* REQUIREMENT:
Pictures aside, every line of the listing should be given again exactly.

* DATASET CONTENT:

────────

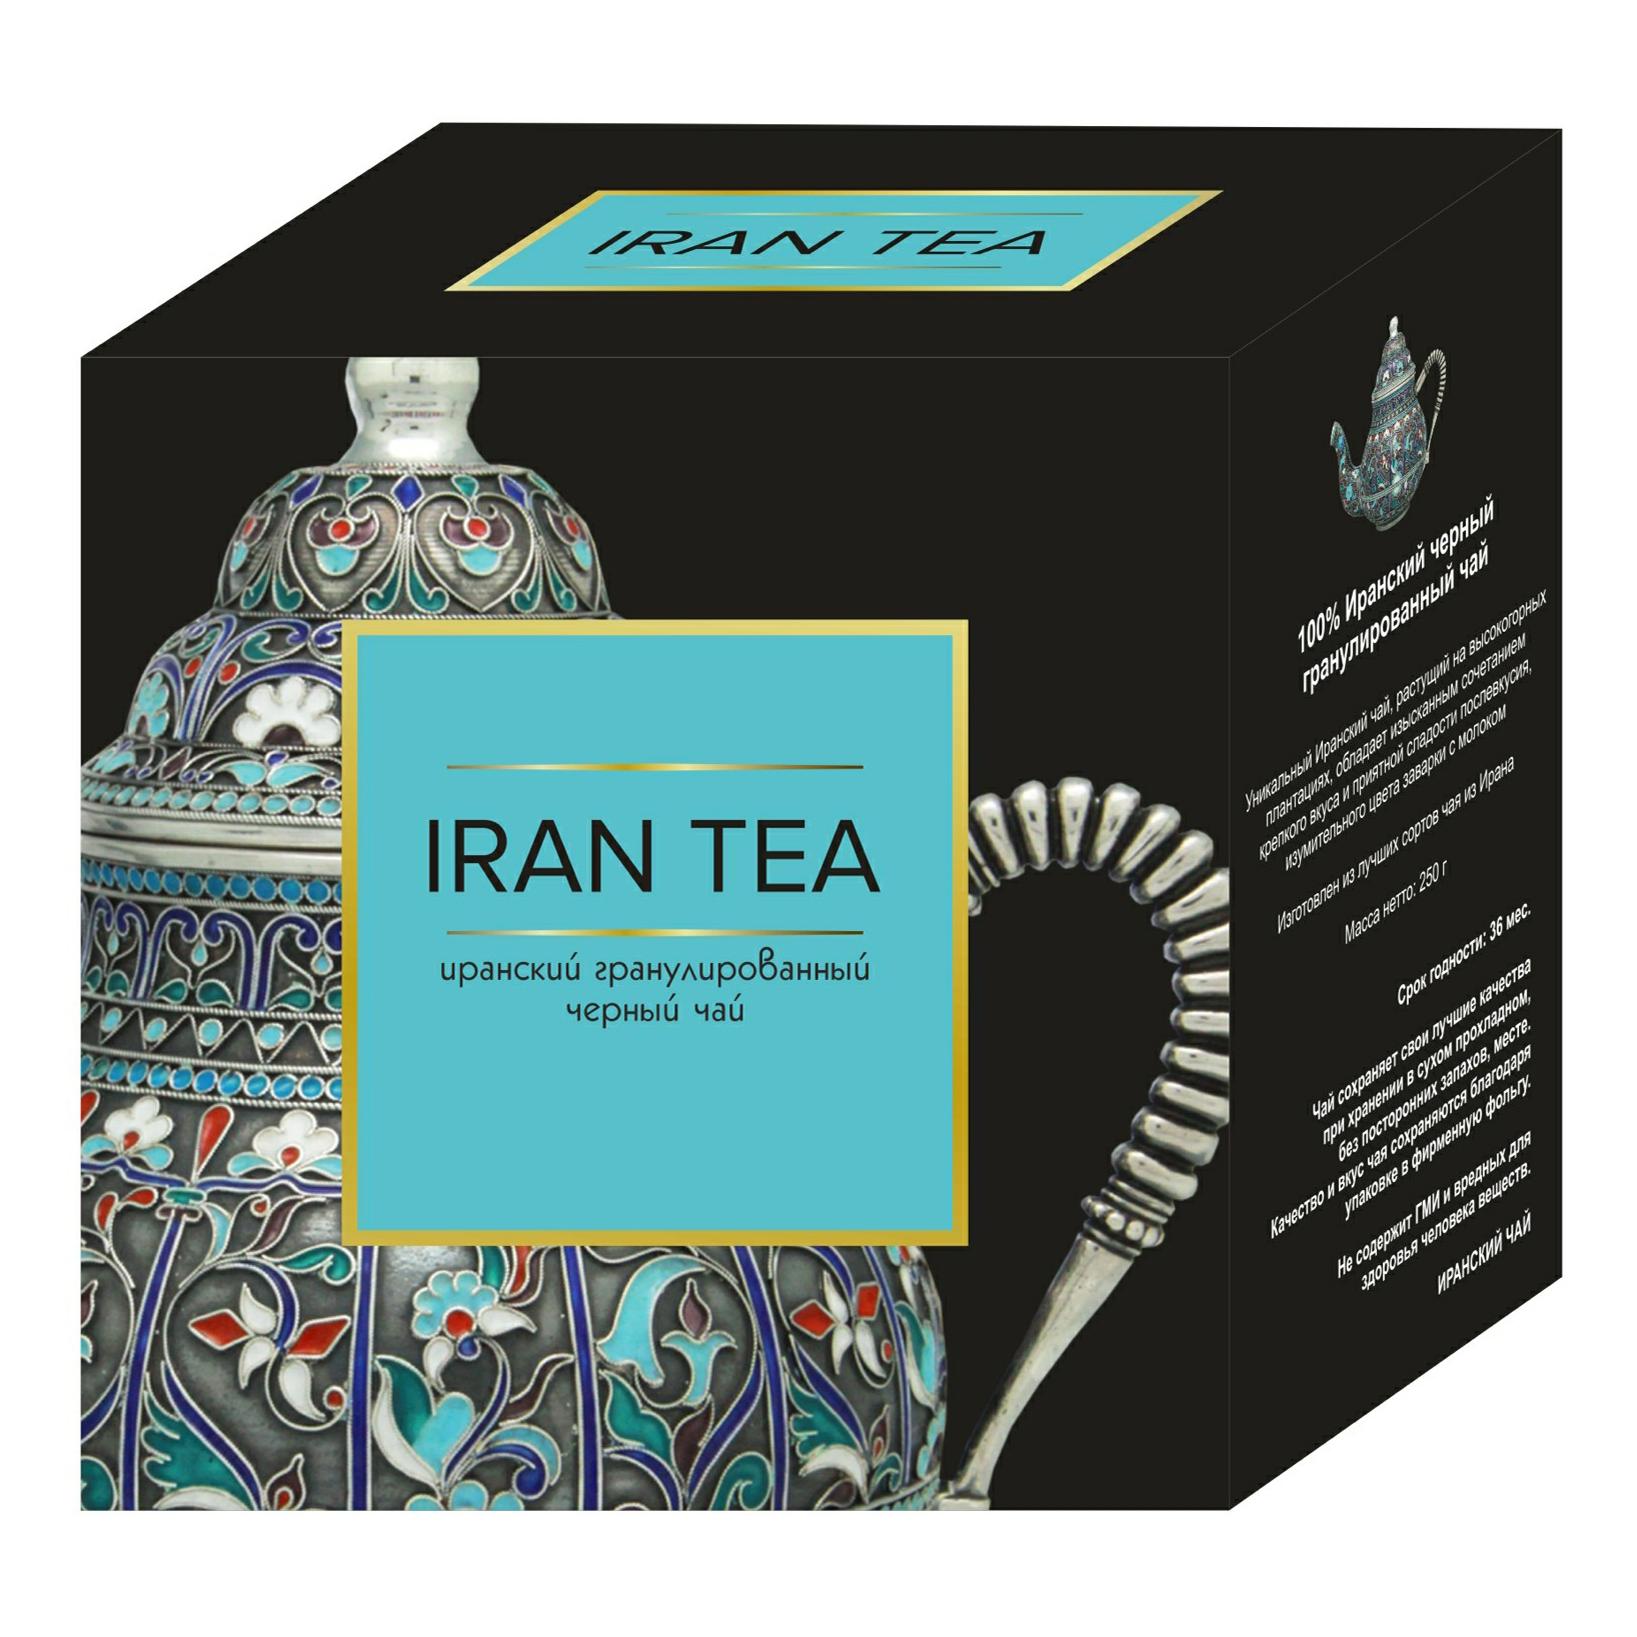 Чай черный Iran Tea классический гранулированный 250 гр., картон
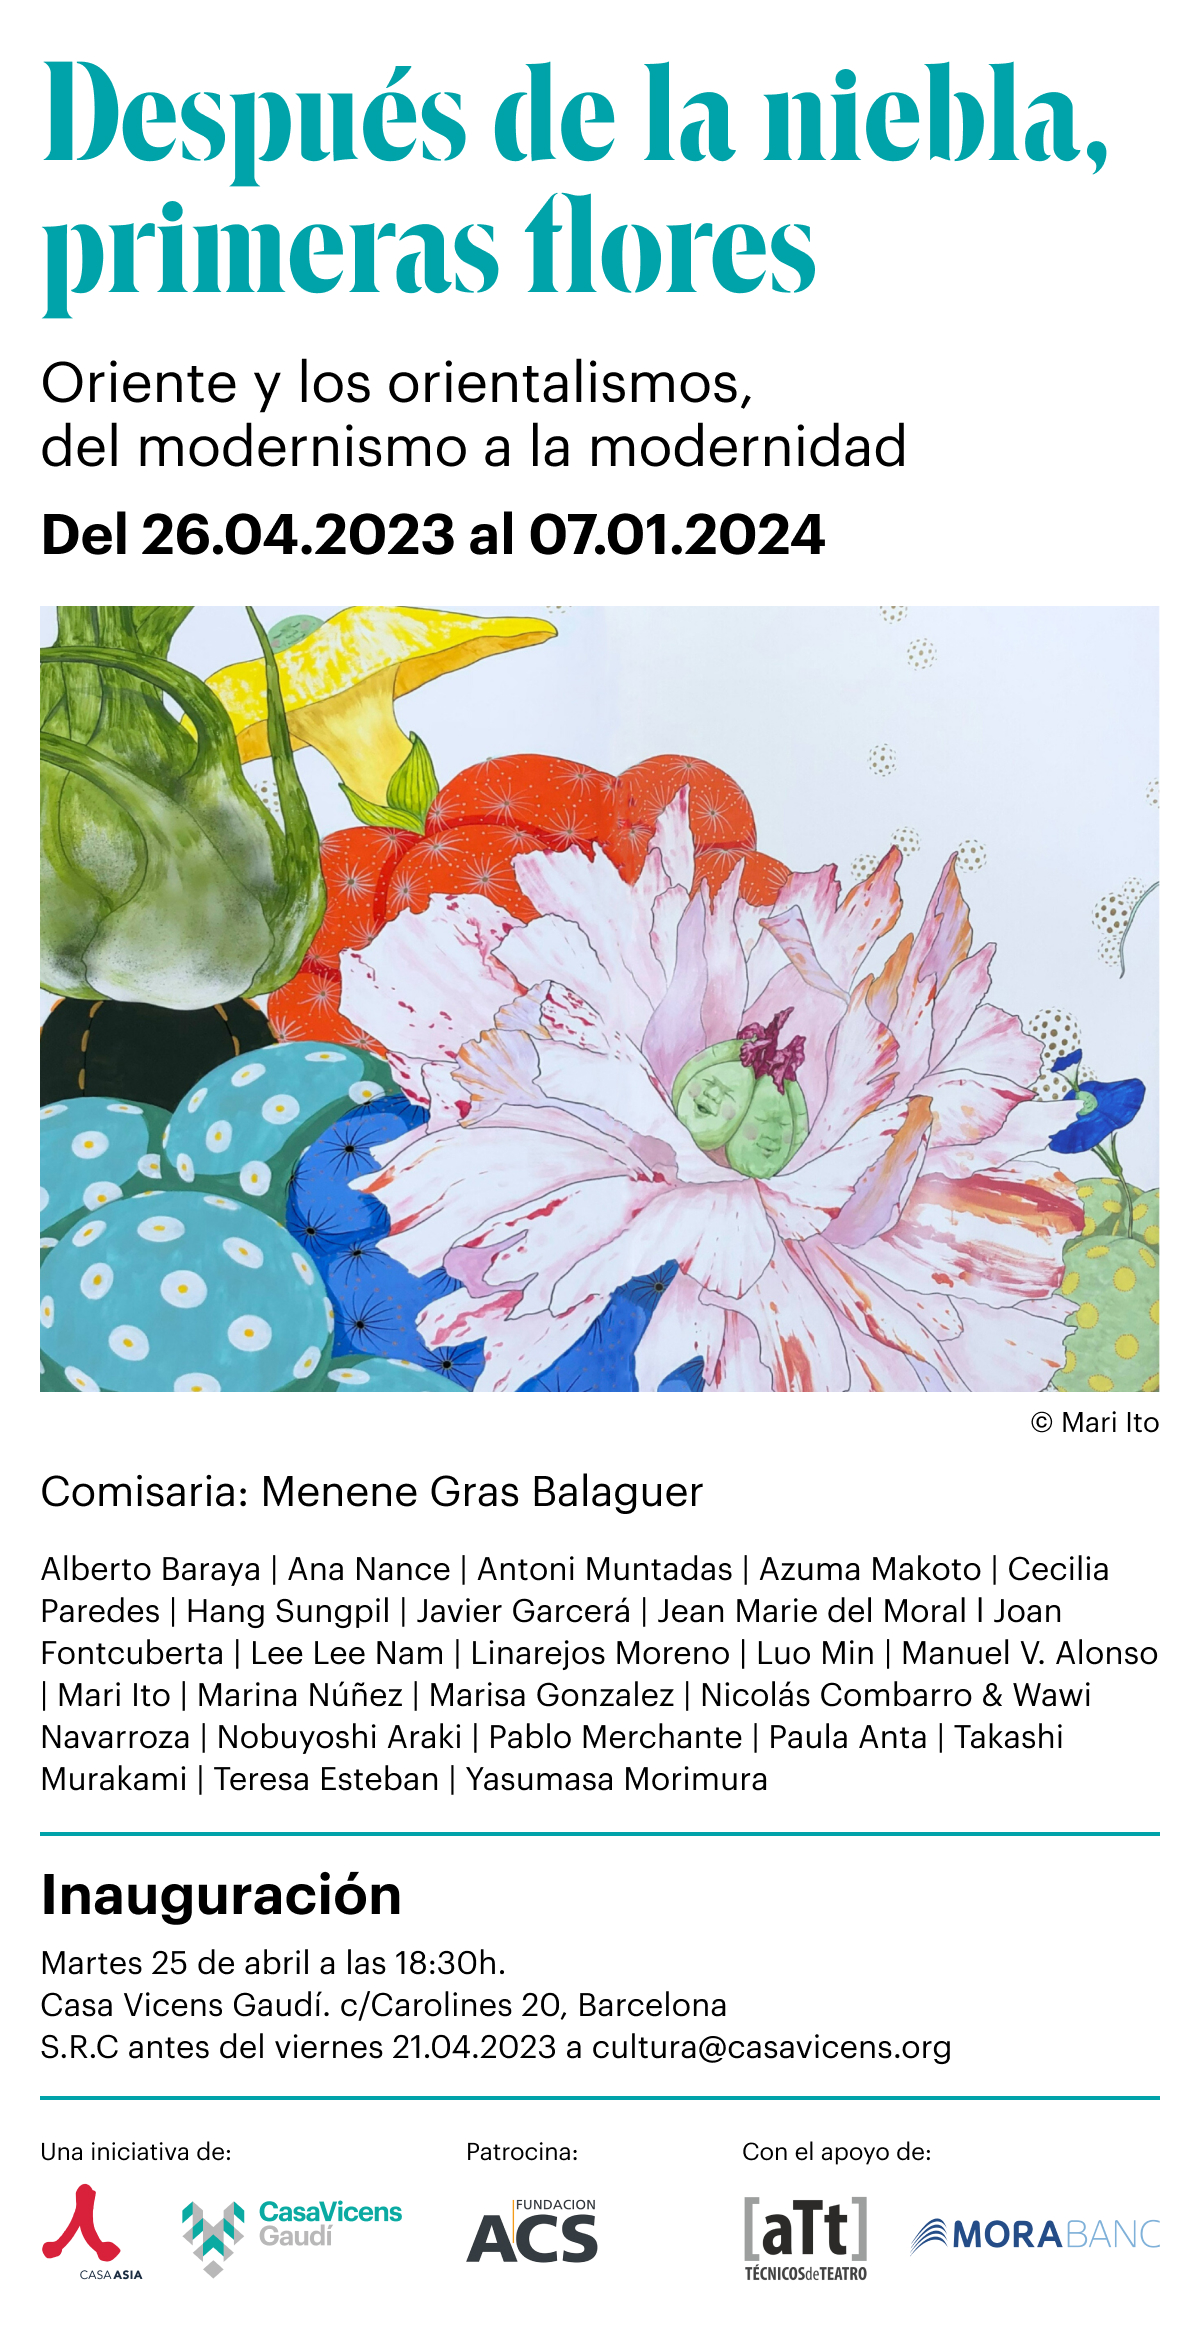 Marisa González | Próxima exposición colectiva en Casa Vicens comisariada por Menene Gras Balaguer
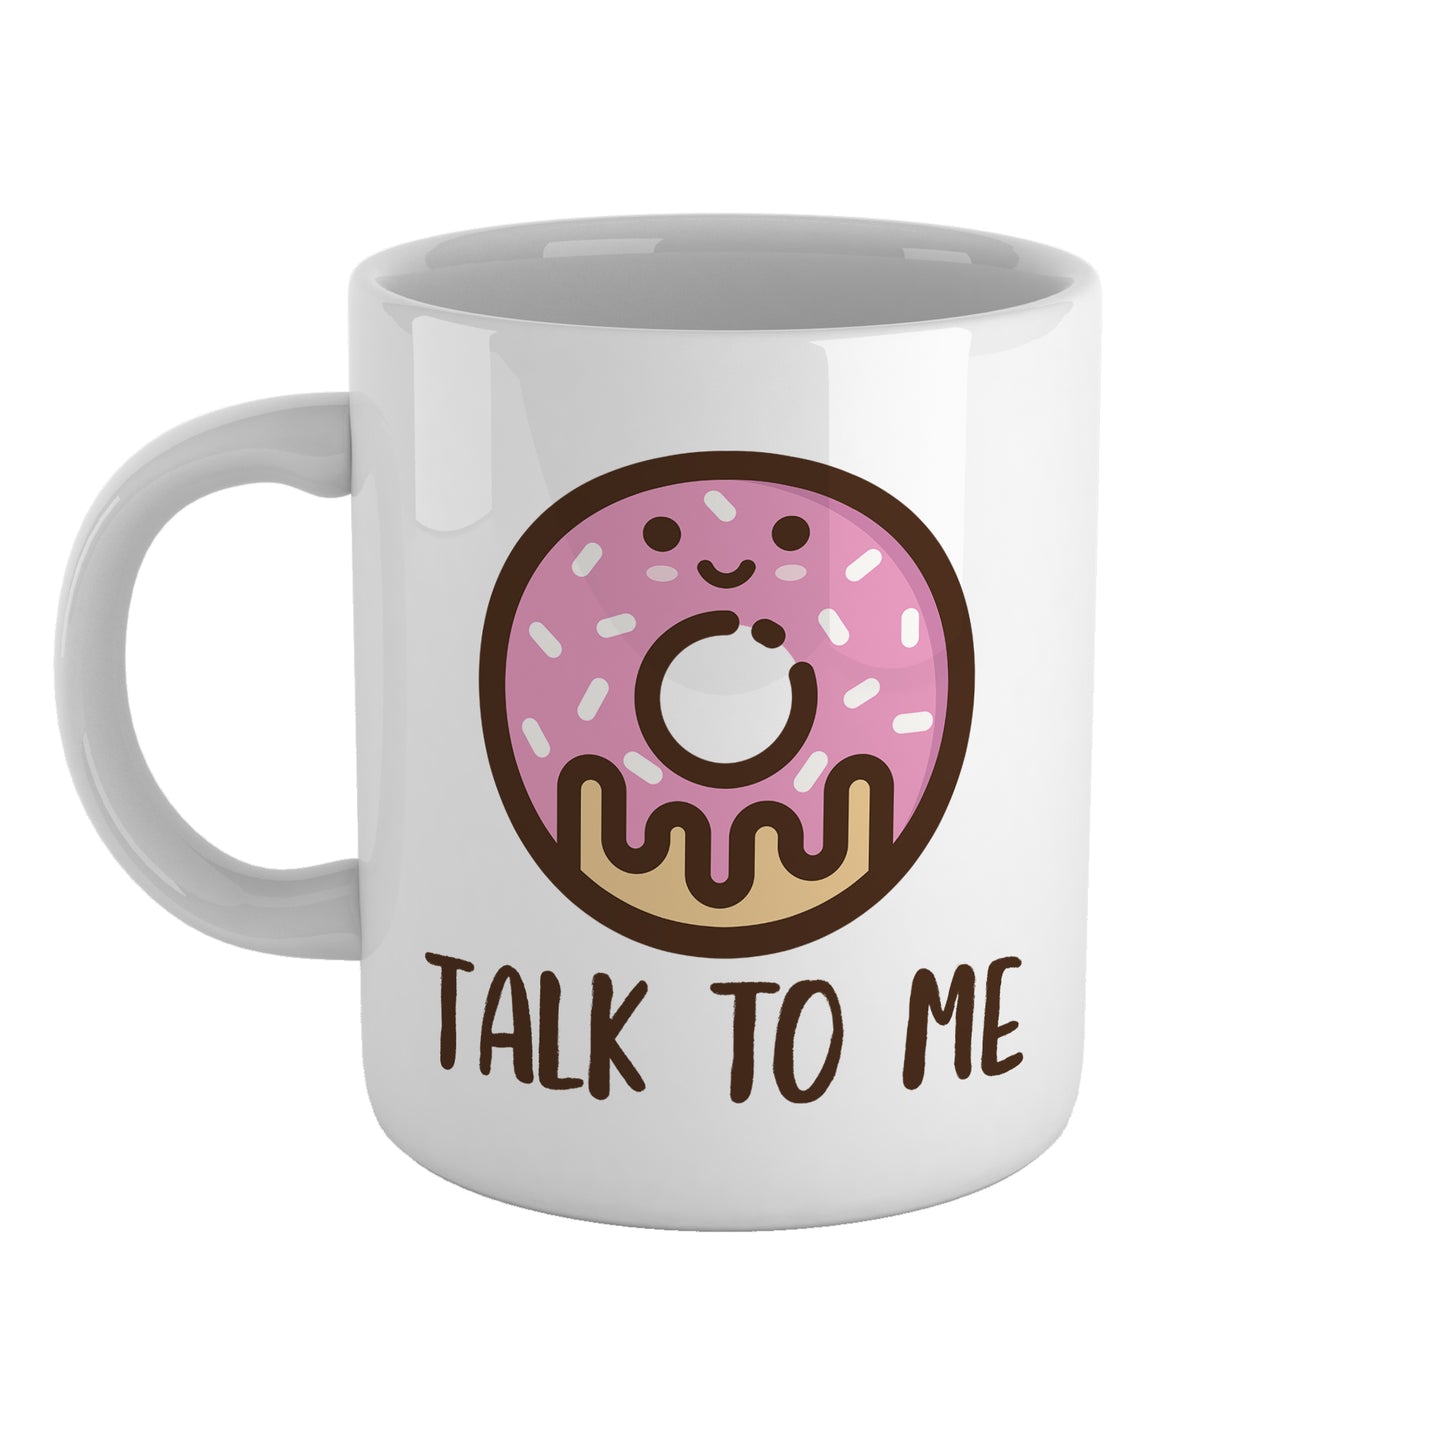 Donut talk to me | Ceramic mug

────────

* WRITTEN RESPONSE:
 Чай черный Iran Tea классический гранулированный 250 гр., картон
 Marisa González | Próxima exposición colectiva en Casa Vicens comisariada por Menene Gras Balaguer
 Donut talk to me | Ceramic mug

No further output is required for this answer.